The PE 983 is equipped with a thermocouple detector and a high-gain detector signal amplifier. By photodiode standards, the response time of the detector system is very long; the system responds to the (instantaneous) change in light intensity by exponentially slewing to the appropriate output level. The rate of change is about 85 s-1 (time constant 12 milliseconds). Thus, the time to settle to the level appropriate to the light intensity is about 40 milliseconds if one wants the output to be at least 95% of the amount that is expected. However, the PE 983 operates with a 30 Hz chopper, which means that light switching occurs every 16.7 milliseconds; and the slow response of the detector system means that the signal from the detector has reached about 75% of the expected level, at which point the choppers switch the light and the detector exponentially slews to the new level. Since the detector's output never reaches the true level, the correct value for the transmission of a sample cannot be computed directly. The %T scale of the instrument must be "calibrated," since calculation cannot produce the correct answer from incorrect raw values.

The original Perkin-Elmer 983 IR spectrophotometer uses an AC synchronous motor for its beam splitting chopper (BSC) and another for the pre-sample chopper (PSC). The BSC operates at 30 HZ and the PSC at 10 Hz. Considerable circuitry and firmware are used to ensure that the choppers are running in synchrony so that the switching among sample beam, reference beam and dark periods is known and stable.

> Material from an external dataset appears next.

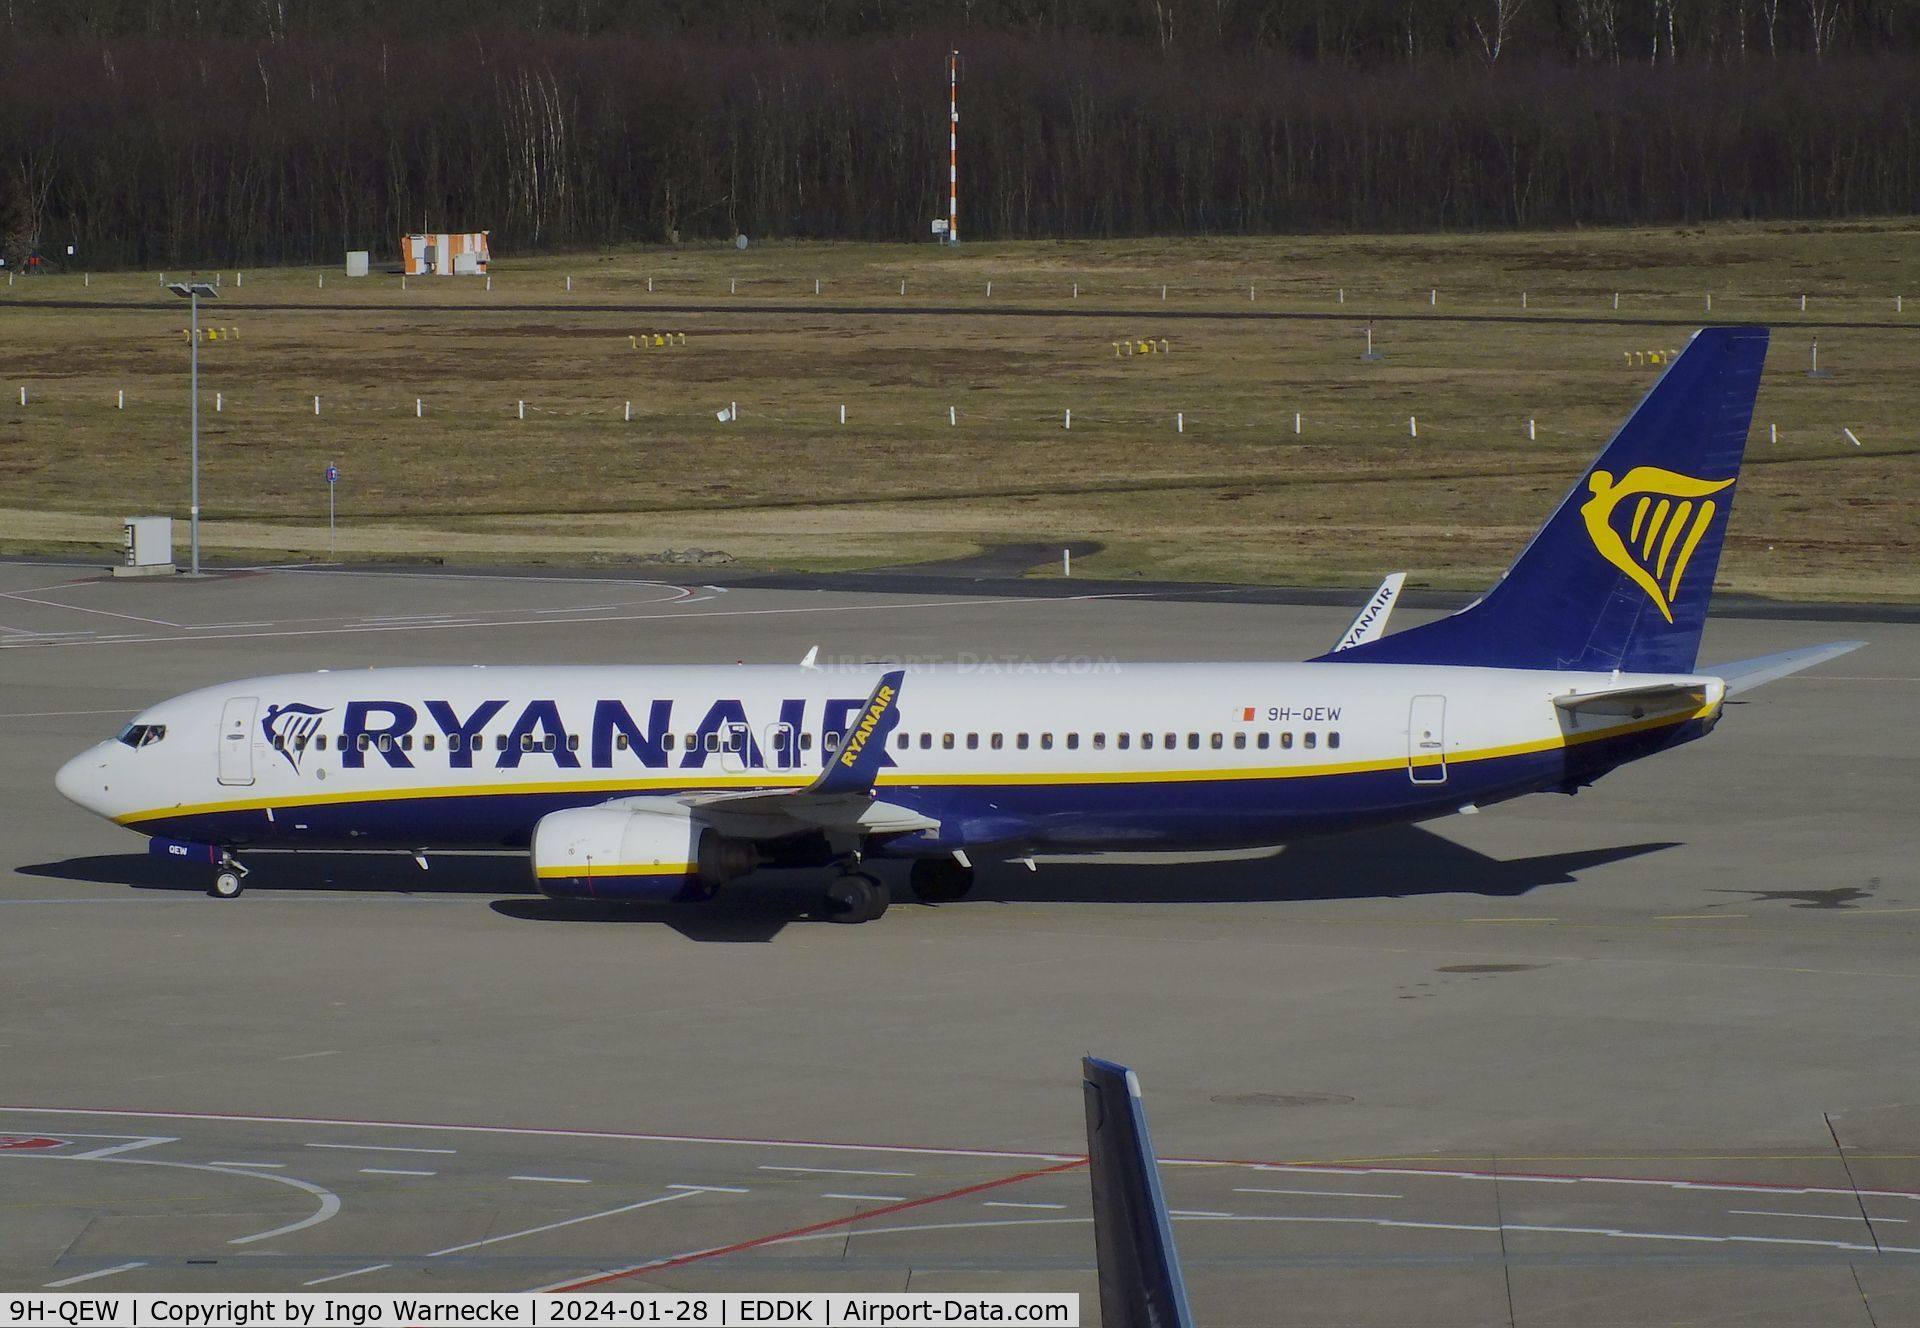 9H-QEW, , Boeing 737-8AS of Ryanair at Köln/Bonn (Cologne / Bonn) airport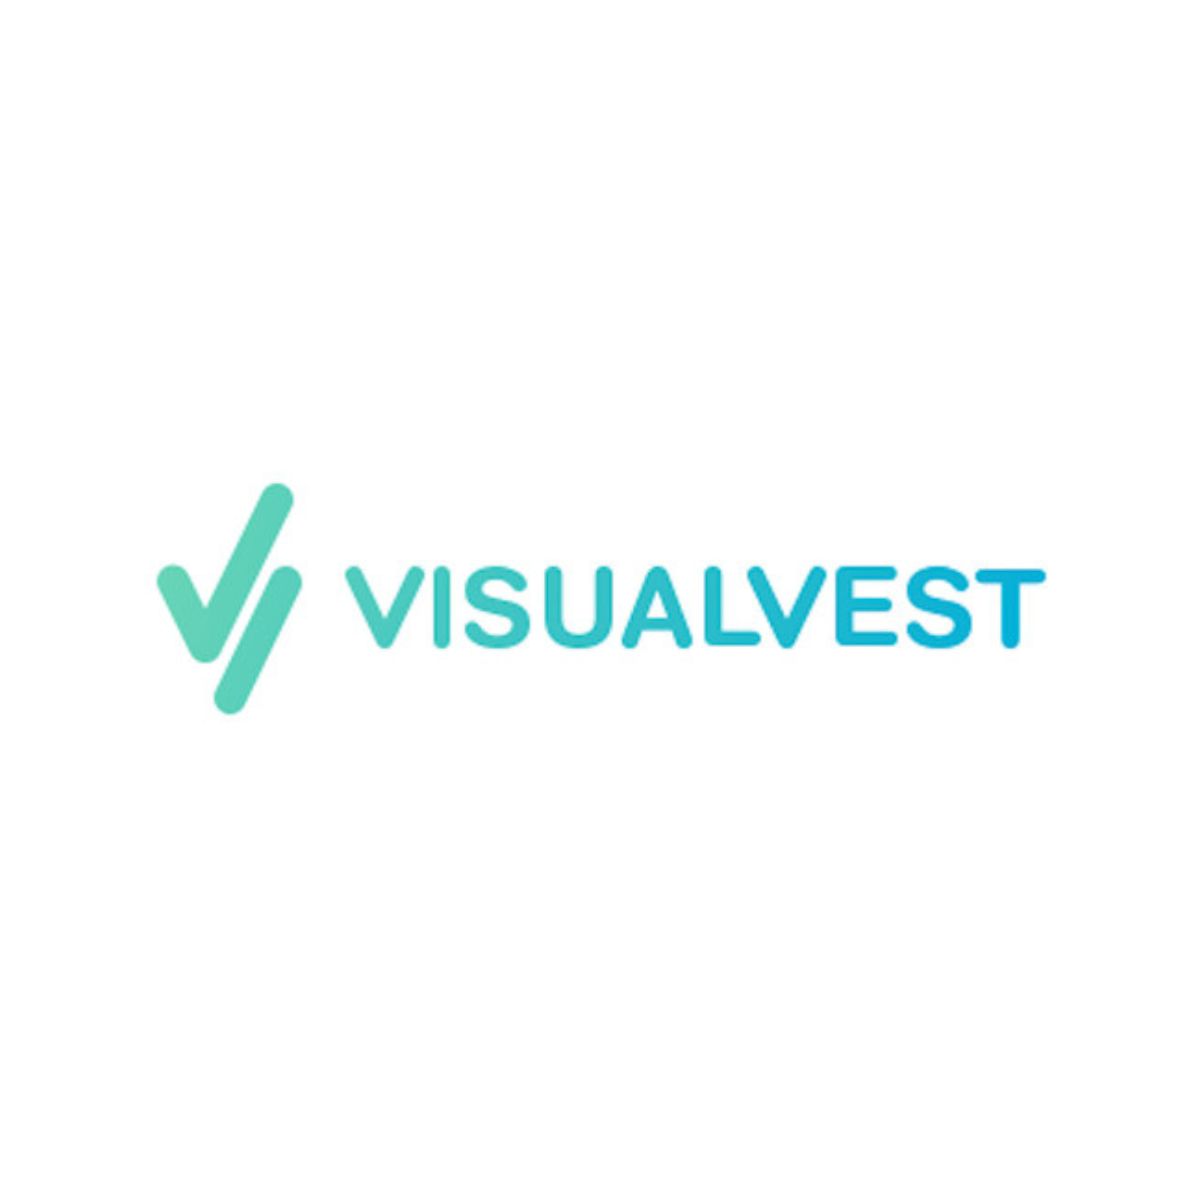 VisualVest GmbH

The new OLIS 983 uses dedicated microcomputers to control the new stepping motors. Now, the BSC operates at 12.5 Hz and the PSC at (12.5/3) Hz. If the two motors start out of sync, the PSC motor is slowed gradually until the two motors come into the correct phase, at which point the PSC is restored to its normal speed [(12.5/3) Hz]. This computerized operation and synchronization of the two choppers is direct, exact, reliable, and reproducible. The BSC speed of 12.5 Hz allows collection of 2 data points per second.

The Perkin-Elmer 983 produces a certain sequence of signals (figure 1) at the detector as the two choppers operate (Ref1, DarkS, Ref2, Sam1, DarkR, Sam2; see page 3.2 of the PE 983 service manual, figure 3-9). With this sequence used, collection of R and S signals is widely separated in time, so that errant signals are collected for R and S if the detector signal is changing, as it does during filter or grating changes.

The OLIS 983 uses a shifted sequence (Ref2, Sam1, DarkR, Sam2, Ref1, DarkS). In the new sequence, collection of S and R signals are as close together in time as possible, greatly minimizing errors if the detector signal is changing.

In the OLIS 983, the original coarse and fine position sensors at the grating table are retained and used. Now, however, a simple gate presents a signal to the controlling microcomputer when coarse AND fine sensors are both active. The grating table position is thereby determined very precisely. All subsequent movement of the gratings are based on this "calibration" point. The table rotates 0.002 degrees per motor step, maintaining the same step resolution as the original.